▸ **Directions for this task**:
Please print the full listing below exactly, but not the pictures in it.

┌─ Data shown

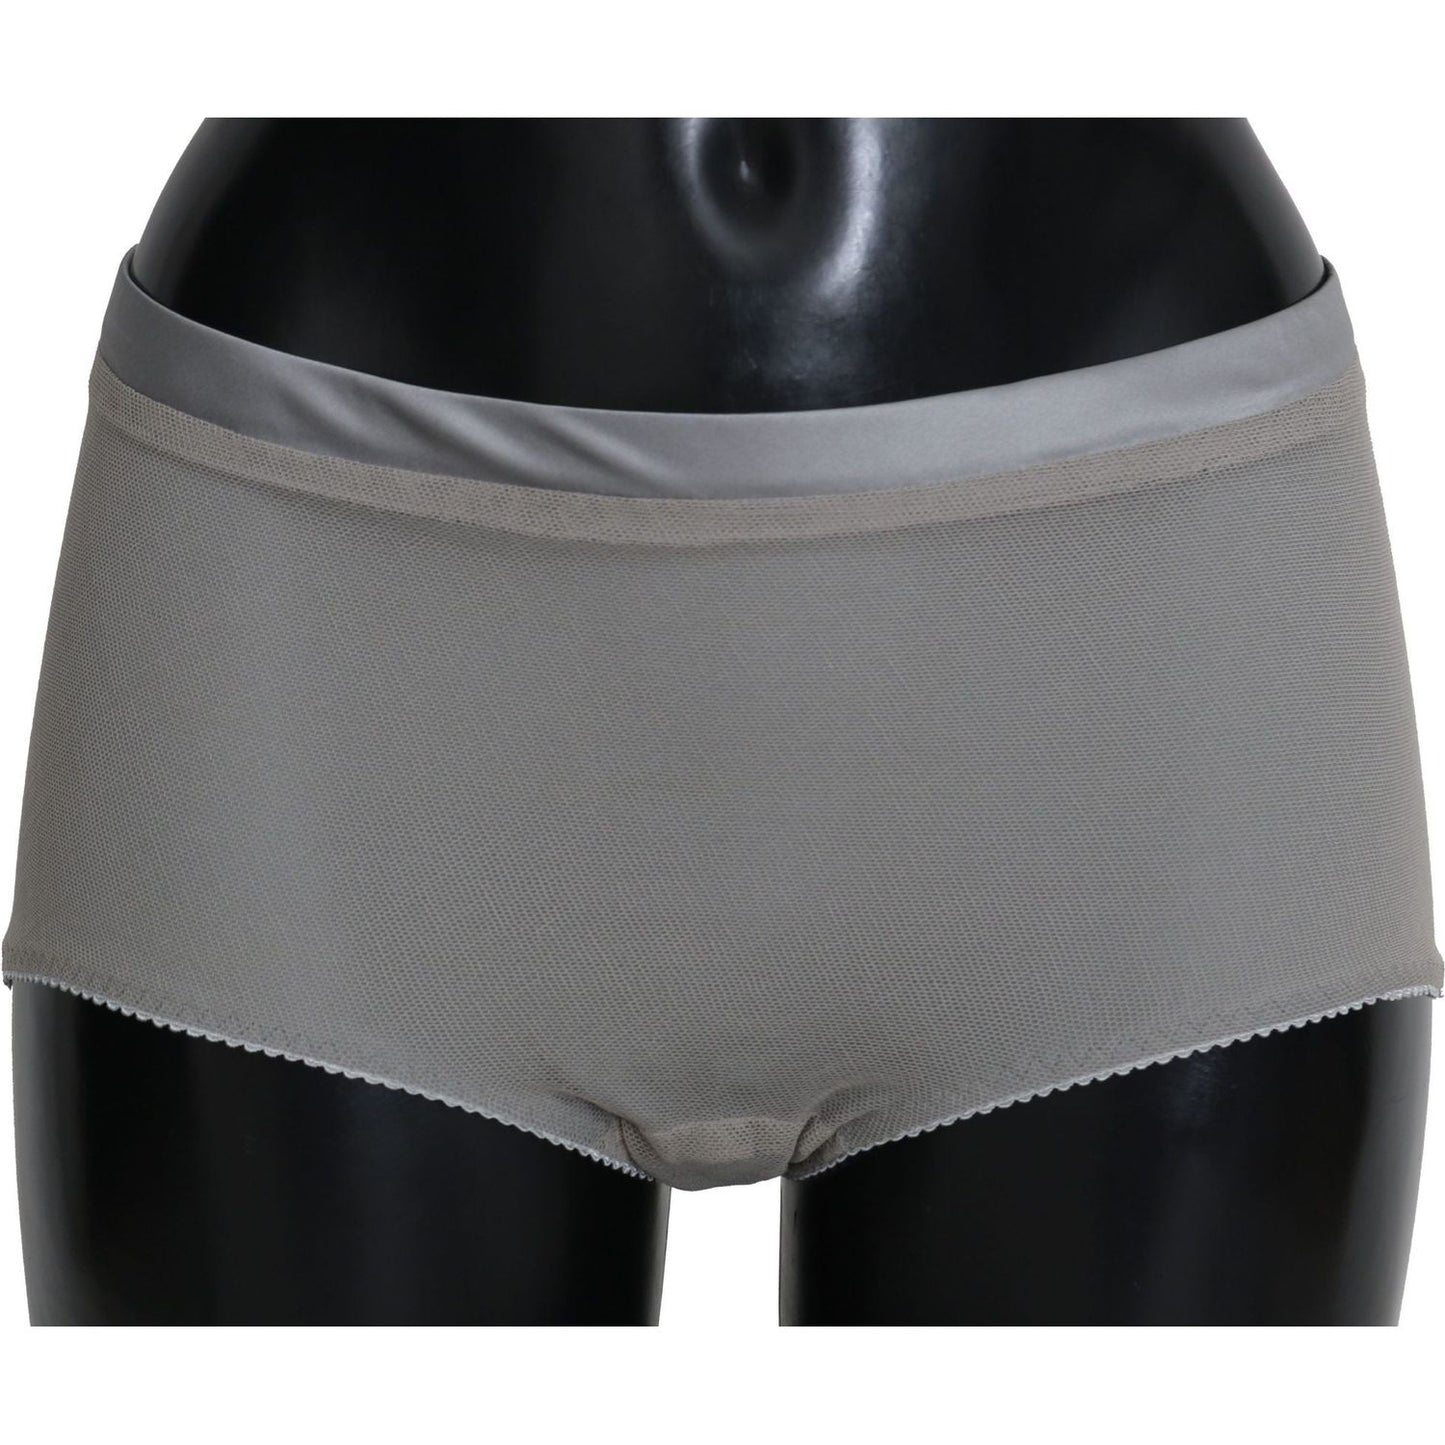 Dolce & Gabbana Underwear Silver With Net Silk Bottoms underwear-silver-with-net-silk-bottoms IMG_3699-scaled-de2cfad7-d0b.jpg
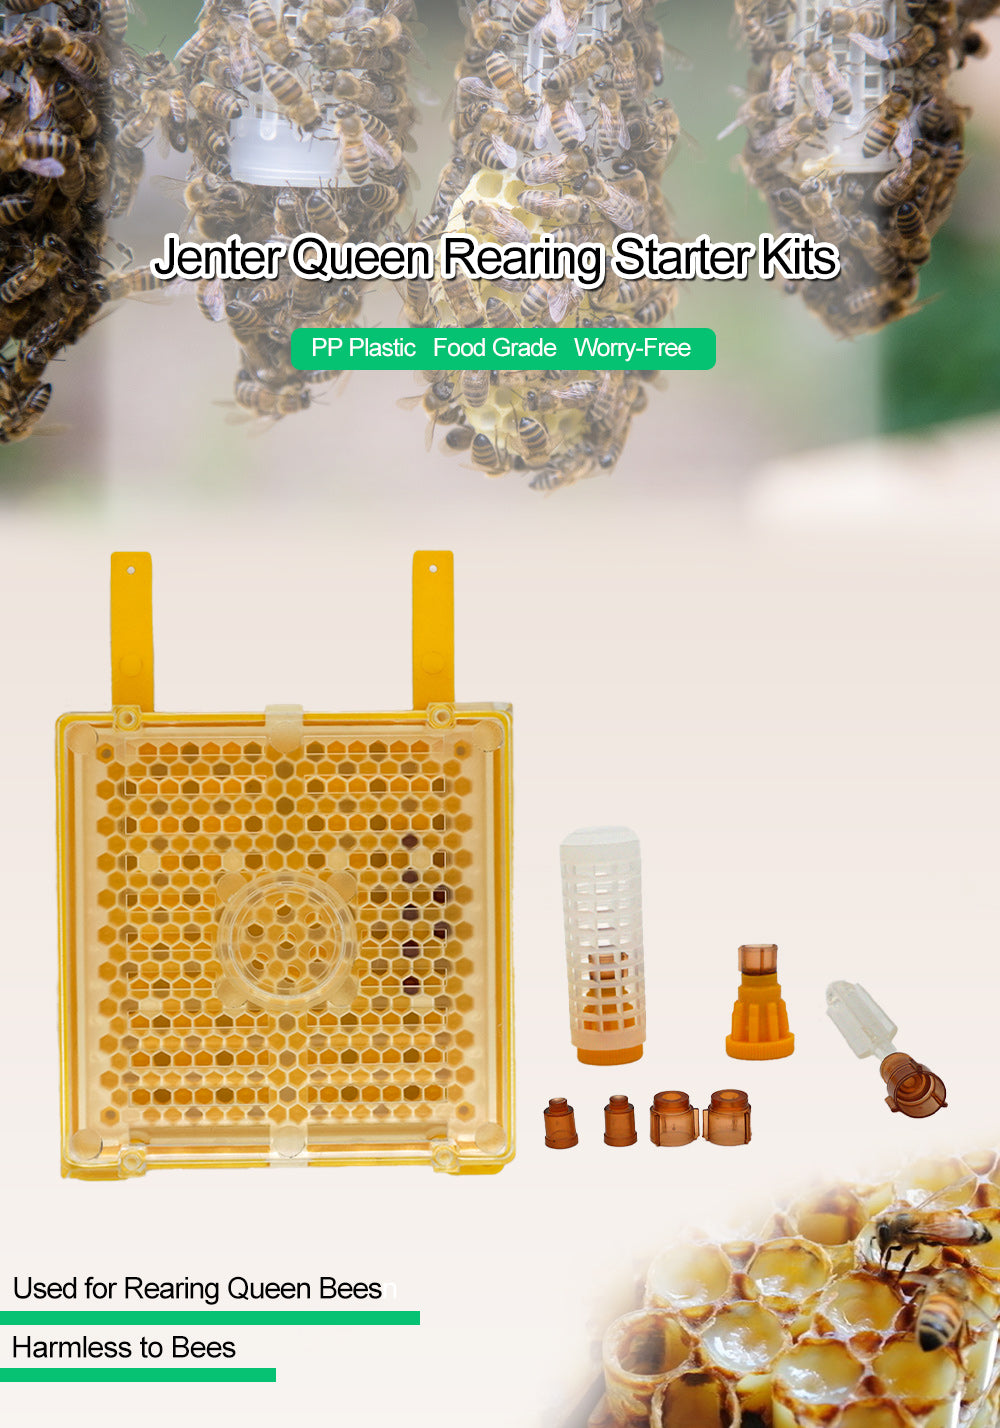 Karl Jenter Queen Rearing Kit System
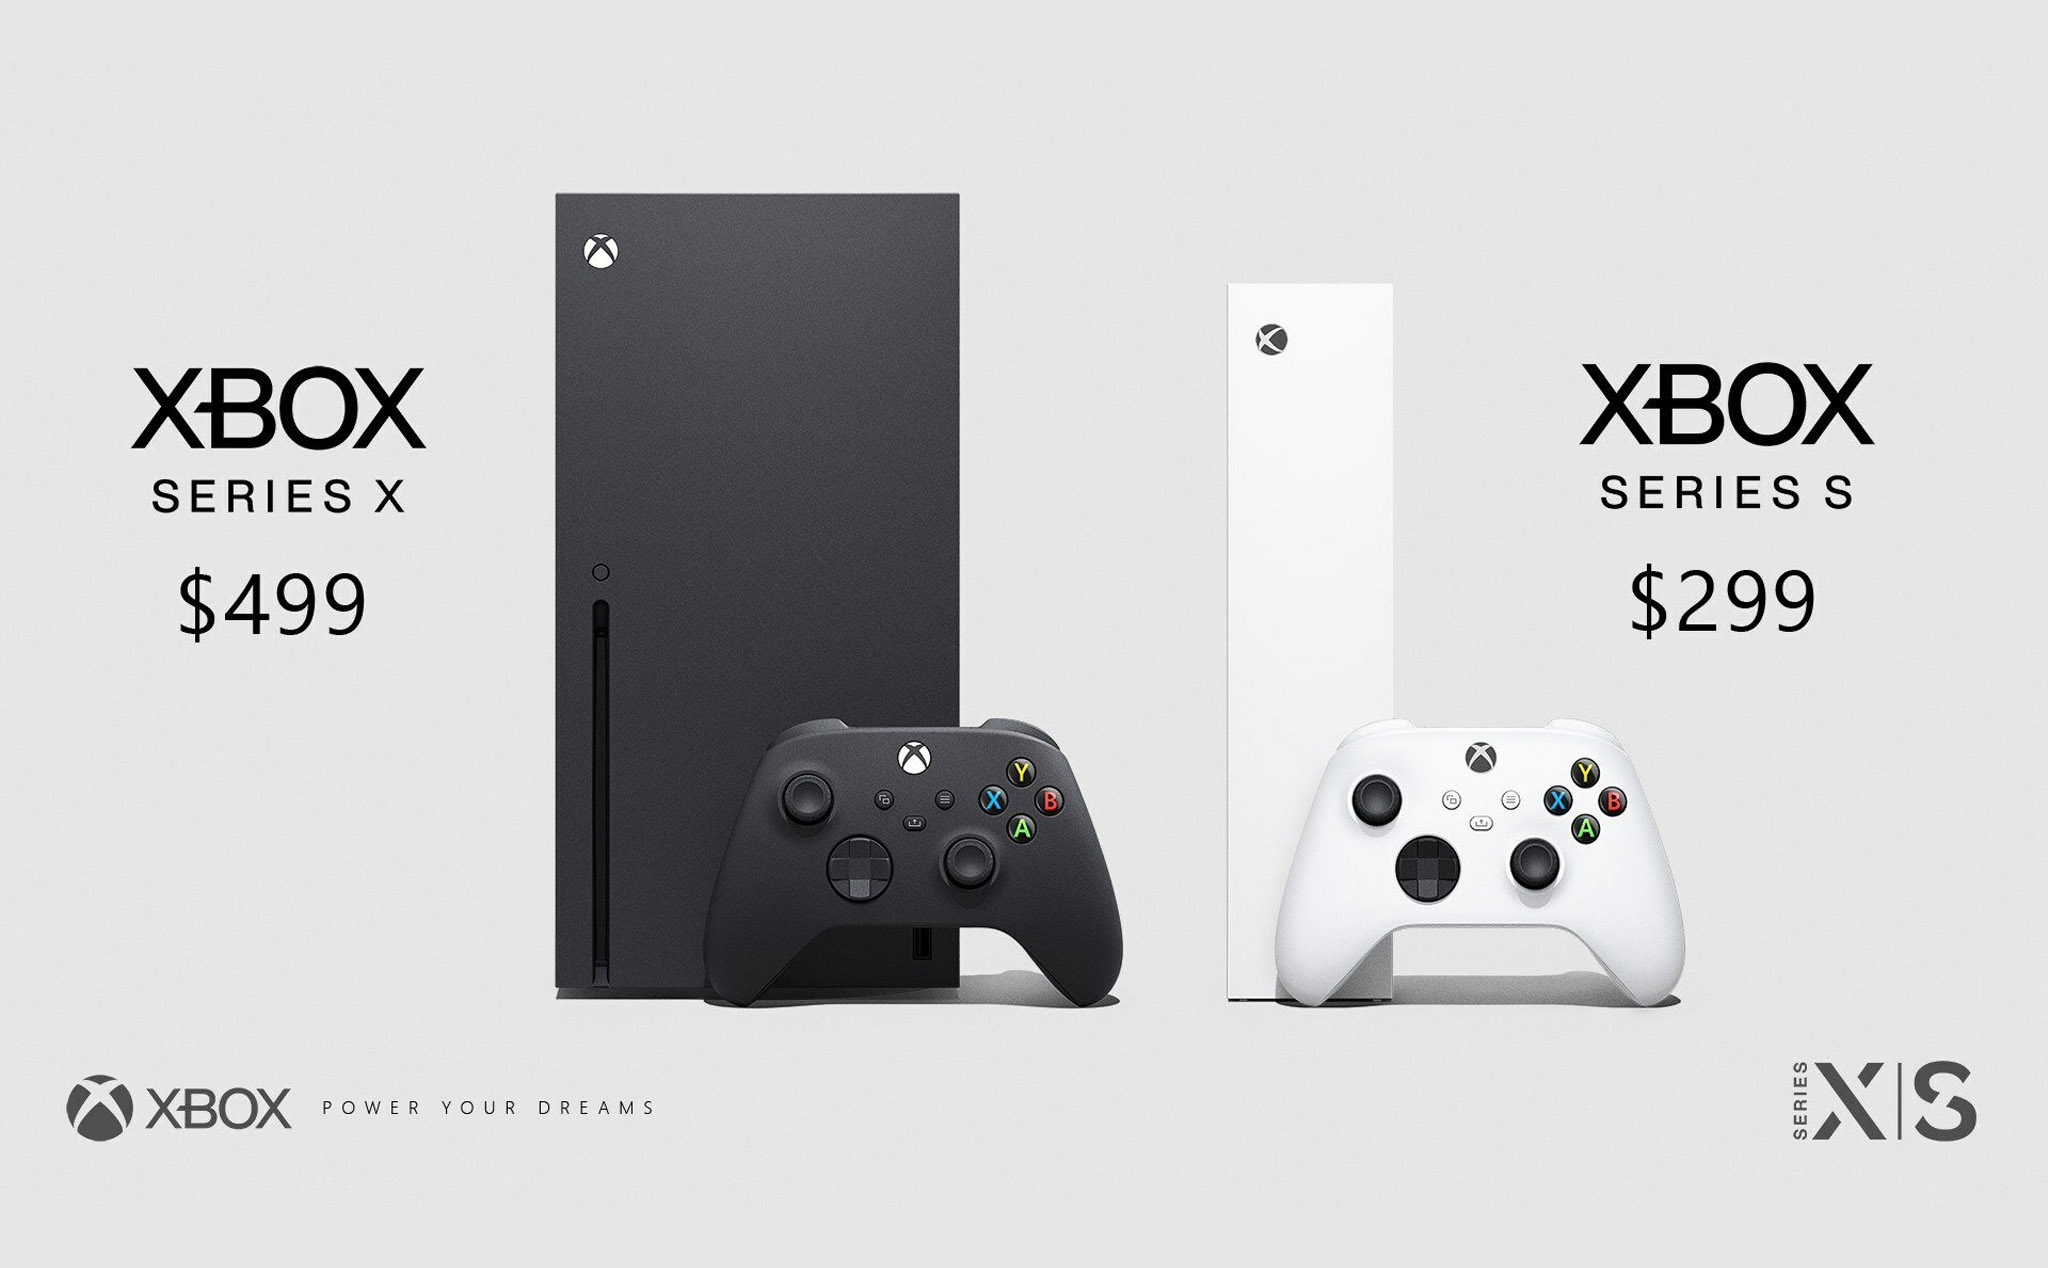 Xbox chính thức: Series X giá 499 USD, GPU 12Tflops, 1TB NVMe SSD, chơi game 8K 60 hoặc 4K 120 FPS
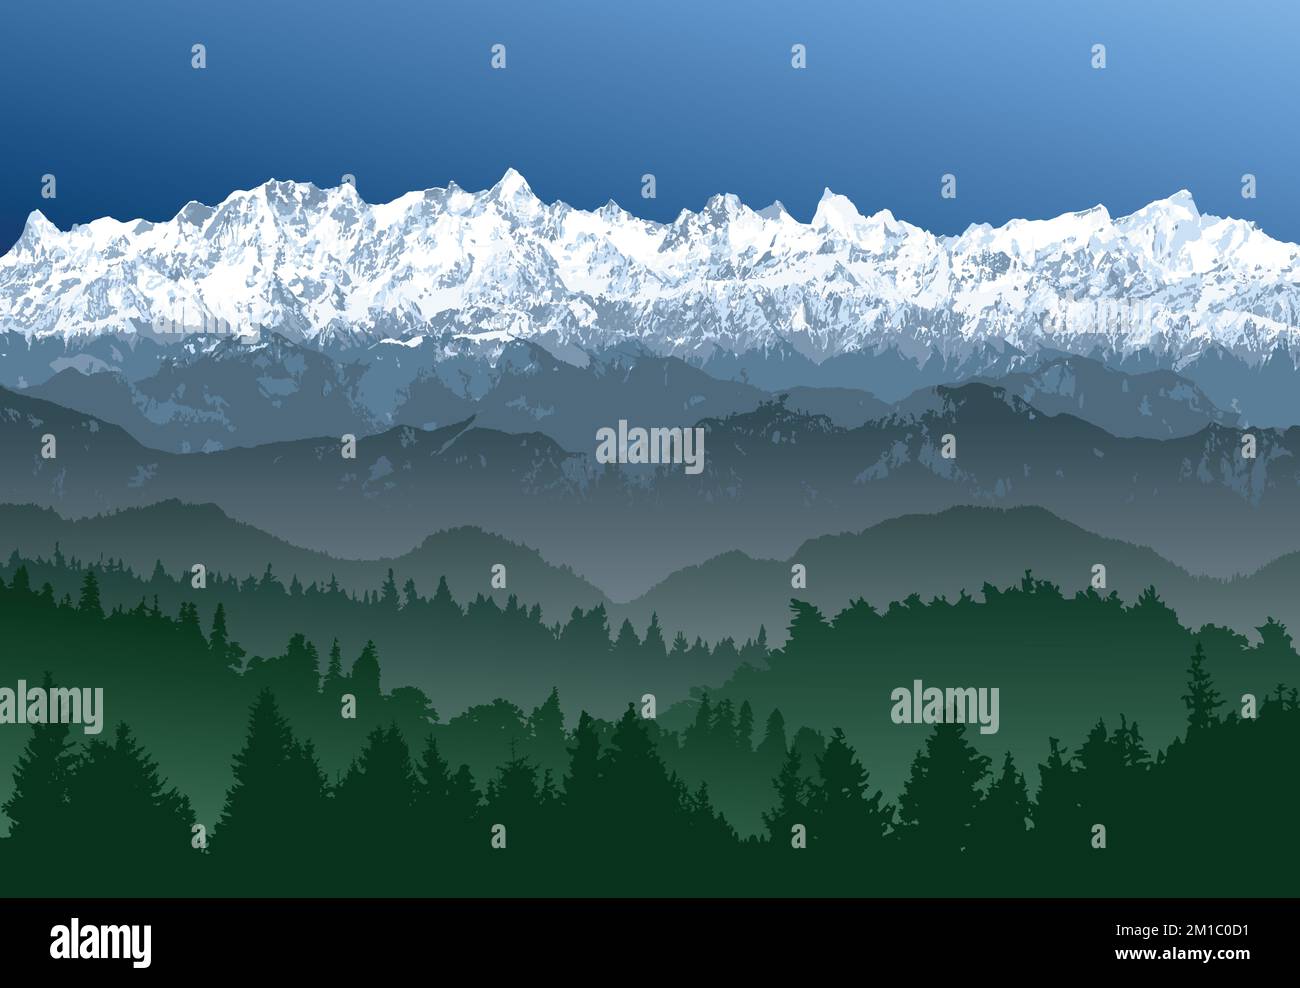 Grande catena himalayana con boschi, Himalayas montagne vettoriali illustrazione, innevata montagna di colore bianco e blu Illustrazione Vettoriale

└─

▸ **Solution to this task**:
 Dolce & Gabbana Underwear Silver With Net Silk Bottoms underwear-silver-with-net-silk-bottoms IMG_3699-scaled-de2cfad7-d0b.jpg
 Karl Jenter Queen Rearing Kit System
 Xbox chính thức: Series X giá 499 USD, GPU 12Tflops, 1TB NVMe SSD, chơi game 8K 60 hoặc 4K 120 FPS
 Grande catena himalayana con boschi, Himalayas montagne vettoriali illustrazione, innevata montagna di colore bianco e blu Illustrazione Vettoriale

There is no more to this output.